You'd think, wouldn't you, that May would be the ideal time to plan a group walk on the Quantocks and Exmoor in the footsteps of Coleridge from Nether Stowey to Porlock... except that incessant rain had flooded most of Somerset, with callouts to the emergency services coming at 3 per second. We forded several roads on our route-planning tour, and found the wooded footpaths marked on the OS map as alongside streams had readjusted the preposition and were now within them. Relief to return to the Castle of Comfort, ironically so named when the 1600s miners' cider house; a coffee-house by the time Coleridge and Wordsworth met there, and now a rather posh guest house. Our room had sherry and a library, where we discovered the Diary of William Holland, vicar of Over Stowey, and gems like this:
"October 23rd 1799. Went with my wife to Stowey and bought a gown of Mr Frank Poole who smiled and bowed graciously. Saw that Democratic hoyden Mrs Coleridge who looked so like a frisky girl, or something worse, that I was not surprised a Democratic Libertine should choose her for a wife." Coleridge would have been 27, married to Sarah Flicker and recently moved from Devon to Bristol, where he lectured at Unitarian chapels and wrote anti-war poems. The Lyrical Ballads had just been published. Kubla Khan and opium addiction came later.
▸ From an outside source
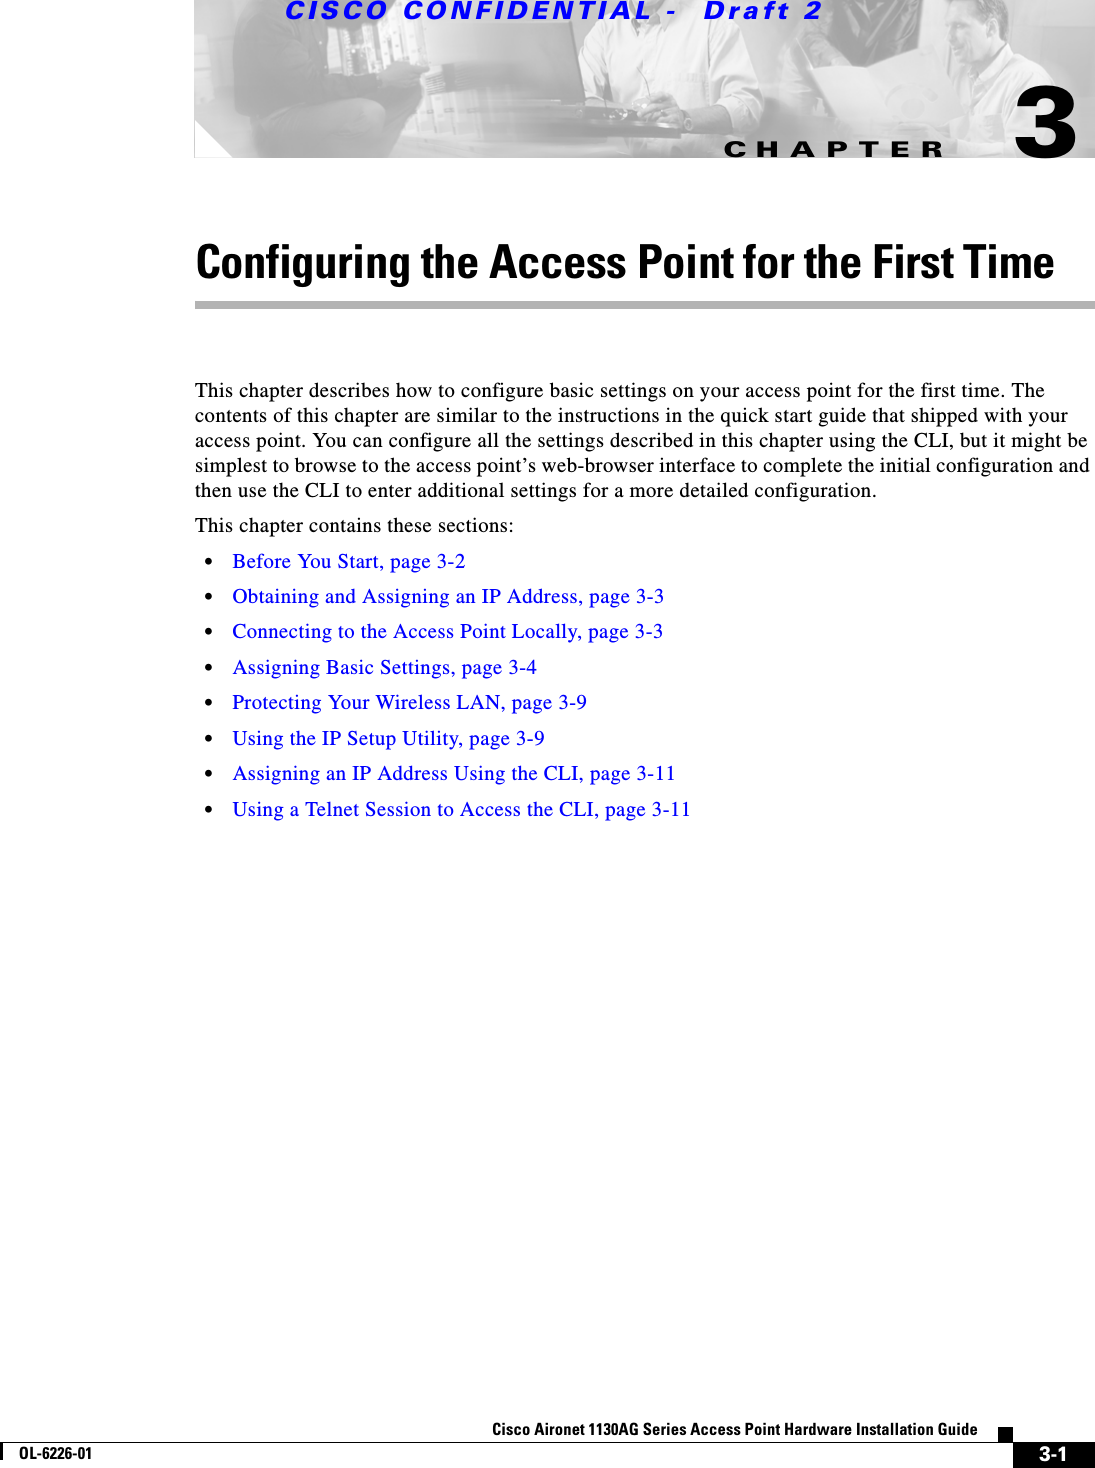 CHAPTER CISCO CONFIDENTIAL -  Draft 23-1Cisco Aironet 1130AG Series Access Point Hardware Installation GuideOL-6226-013Configuring the Access Point for the First TimeThis chapter describes how to configure basic settings on your access point for the first time. The contents of this chapter are similar to the instructions in the quick start guide that shipped with your access point. You can configure all the settings described in this chapter using the CLI, but it might be simplest to browse to the access point’s web-browser interface to complete the initial configuration and then use the CLI to enter additional settings for a more detailed configuration. This chapter contains these sections:•Before You Start, page 3-2•Obtaining and Assigning an IP Address, page 3-3•Connecting to the Access Point Locally, page 3-3•Assigning Basic Settings, page 3-4•Protecting Your Wireless LAN, page 3-9•Using the IP Setup Utility, page 3-9•Assigning an IP Address Using the CLI, page 3-11•Using a Telnet Session to Access the CLI, page 3-11

Bath Fringe has so much exciting looking stuff I wish I could get to see more of it. Like all festivals, there's a buzz from just walking around the town on a warm night with audiences spilling out from every kind of event from classic to chaotic. My Friday choice was "A Bath with Bladud" presented by Touch & Go. No script, no repeats, promised the flyer. "An alchemy of movement and sound and more" promised Michael at the start. "It may not be the story you know" he added, usefully. There were places where this tale of the leper King with a fascination for flight seemed not to be a story even the performers knew, as ancient Greece slewed into a place of flamenco and cornetto accents, and Bladud's descent to the Underworld appeared to take him into a bar in Aberdeen. Bizarre impro explorations only added to the audience's enjoyment, and sense of privilege at sharing something ephemeral and courageous, with the themes - aspirations, choices, flight, fatherhood - powerfully shown.